I would however deploy any disposible income toward certain venues of my choice.  For example, I would support my local 4H, and FFA.  I would also support the Boy Scouts, and the Girl Scouts.

I would donate to the United Way, and a few other charities.

Unfortunately, the $4500 in payroll, B&O and other taxes my business pays each month means that I don't have any disposable income.

----------


## Xerographica

Wesker1982, ahhhh...nice.  A response completely free of deontology...it's a breath of fresh air.

Honestly, this part is a little tricky so let me try a different approach.  Let's consider those socialist bastards that want the government to produce every single good.  What would they do in a pragmatarian system?

Well...to steal a famous anarcho-capitalist's example...let's say that they wanted the government to produce socks.  So they start a government organization (GO) dedicated to the production of socks.  The thing is...a GO is completely non-profit so in theory a GO could produce socks cheaper than say Nike.  

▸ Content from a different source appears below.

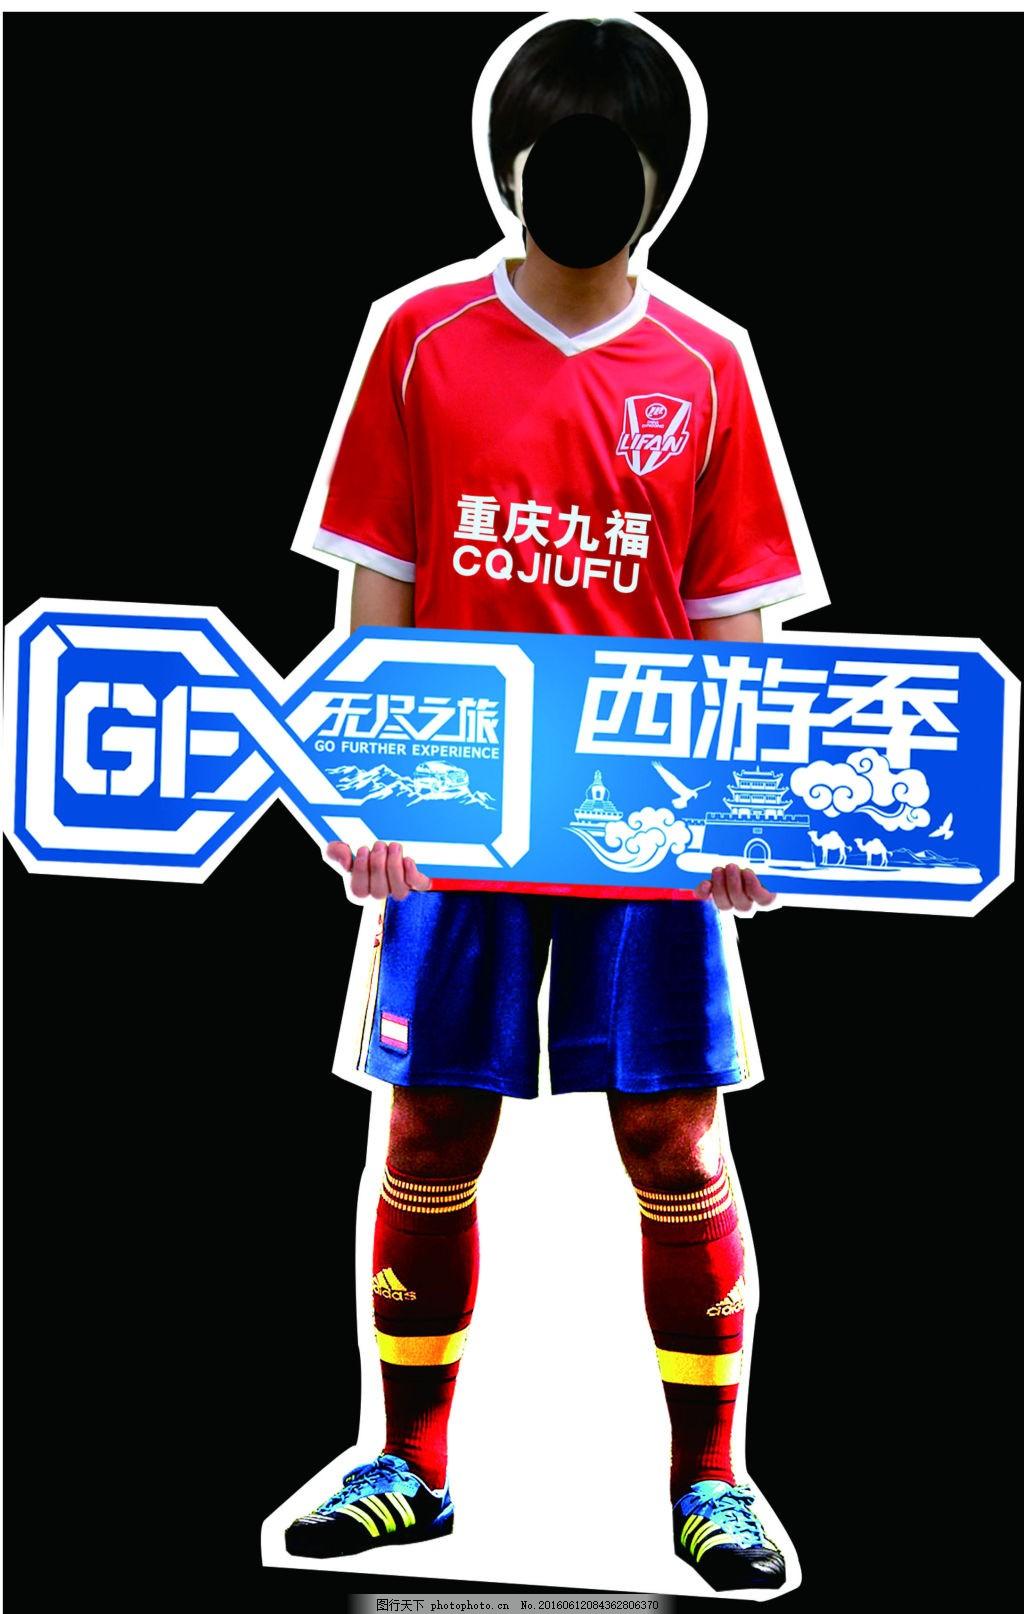 人形拍照板 西游 足球 cdr 黑色 汽车 展架 海报 福特 促销 倒计时 一

After the inception of the dept of socks (DOS) only the most staunch socialists would allocate any of their taxes to the DOS because up to this point, all tax payers have all been purchasing socks from the private sector.  But the socialists produce just enough socks to go out and shoot a foot-warming video of them giving socks to poor little kids wandering around barefoot on the snow covered streets of New York City at night on Christmas eve.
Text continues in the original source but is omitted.